La sobria realidad con aplastante personalidad
Diario de las artes
Pepe Carretero | Sala Pescadería | Jerez
Pepe Carretero es artista de larga y consolidada trayectoria. Es pintor de personalidad artística acusada; de esos que tienen una realidad formal apabullante, que sabe lo que quiere hacer y lo lleva a cabo con solvencia y hasta trascendencia creativa.

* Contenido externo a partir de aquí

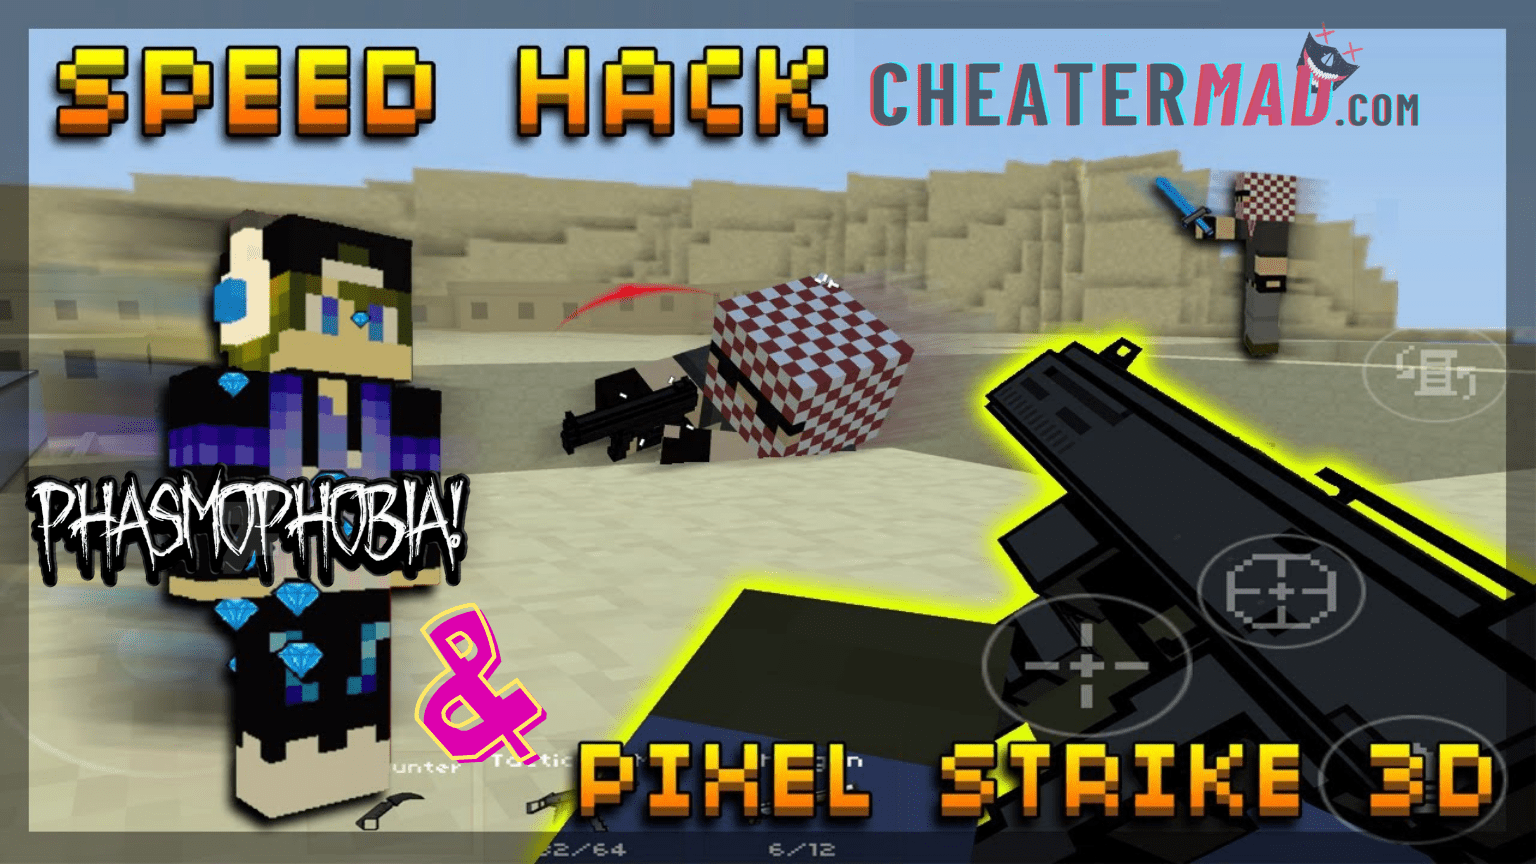 Universal Speedhack Pixel Strike 3d Phasmophobia Secret Neighbour Dead Raid Cheatermad Com - roblox speed hack any game 2021

No es artista de medias tintas, sino que sabe argumentar plástica y estéticamente lo que quiere mostrar. Su pintura no deja indiferente y desentraña una sociedad cercana a la que él impone su particularísima visión. Lleva toda su vida pintando lo real, dejando que lo inmediato organice su acción representativa.
Él es un espectador nato de lo que existe, de lo que ve, de lo que aparece, de lo que se supone; es transcriptor de lo entrañable, de lo cotidiano de la existencia, de la calle, de todo lo susceptible de manifestar una verdad creativa. Se trata de una figuración donde los elementos imponen su arbitraria realidad expresiva. Las imágenes desencadenan desenlaces inesperados, se oferta un diálogo dispar entre la representación y su mensaje, entre la densa ambientación invadida de misteriosas referencias oníricas y su aplastante conciencia representativa inundada de pasmosa realidad.
Pepe Carretero es pintor nacido en el Tomelloso y vive entre la ciudad manchega y Madrid. Es artista conocido porque está en posesión de un lenguaje de indiscutible personalidad. Es de los pintores que estuvieron en la Academia de Roma que es tanto como decir que alcanzó la meta soñada por casi todos. Además, goza de una larga y espléndida carrera, jalonada de muchos e importantes acontecimientos expositivos y de significativos reconocimientos.
Está en posesión de una personalísima figuración, con la excelsa realidad como desarrollo de unos planteamientos pictóricos donde todo está materializado en unos esquemas claros y determinantes. Su representación no sólo nos sitúa en unos compromisos que partiendo de lo que la mirada descubre nos adentra por sistema personales que mediatizan la realidad haciéndola infinitamente más cierta y consecuente. Su pintura patrocina una serie de complejos conceptuales donde, incluso, la realidad, a fuerza de real, pierde, a veces, su condición ilustradora.
La obra de Carretero surge profunda, sugeridora, llena de matices plásticos que acentúan un carácter pictórico serio y riguroso. Él es un pintor apasionado que se abre de verdad a una pintura apasionante, llena de registros y con un sentido vehemente de la expresión. Su pintura es más bien a contraestilo, sin fulgurantes apariciones estelares; es pintura serena, sin maquillajes efímeros ni superfluos planteamientos, esos que tanto anima a la creación contemporánea y que, muchas veces, sólo promueven a ficticias especulaciones de lo que tiene poca sustancia. Su obra es personal, muy de Pepe Carretero, que es tanto como decir con sello propio, lleno de particularidad y sentido pictórico y se ha ido haciendo madura a base de fuerza y de energía vitalista. Una pintura que se convierte en reconocible y sustentadora de un lenguaje puro dentro de la figuración española.
La pintura de Pepe Carretero es totalmente clásica, para nada renuncia a la sutil esencia de una ejecución determinante, garante de los registros mínimos que conllevan su realidad plástica y positivadora de todos cuantos asuntos rodean el bello acto de la creación. Para ello se deja llevar por una forma argumental basada en una línea bien dibujada que favorecen y maximizan los asuntos representados y que se distribuyen en una estructura compositiva que recrea una sabia ambientación y en una arquitectura visual que sustenta todo un definitivo engranaje representativo.
Es un pintor convencido y convincente. Ha elegido las sendas de un arte representativo donde tienen cabida los más amplios desarrollos. Ha sabido desprender a la realidad de su agobiante carga imitativa y busca posiciones emparentadas con la más abierta expresividad. Su pintura es cercana, llega con la claridad de lo que está cocido a conciencia, relata los esquemas de lo real, de lo que ocurre a su alrededor; los planteamientos de una sociedad con infinitos matices, que Carretero suscribe sin medias tintas en un organigrama lleno de pureza y verdad. Su pintura es, en definitiva, como la vida abierta que nos rodea.
Su exposición de Pescadería nos lleva por las sendas de un artista que no ofrece duda porque sabe mostrar un lenguaje particular donde la realidad propone los desarrollos y desenlaces sólidos de un artista seguro, realizador de una pintura de inequívoca sutileza y personalidad.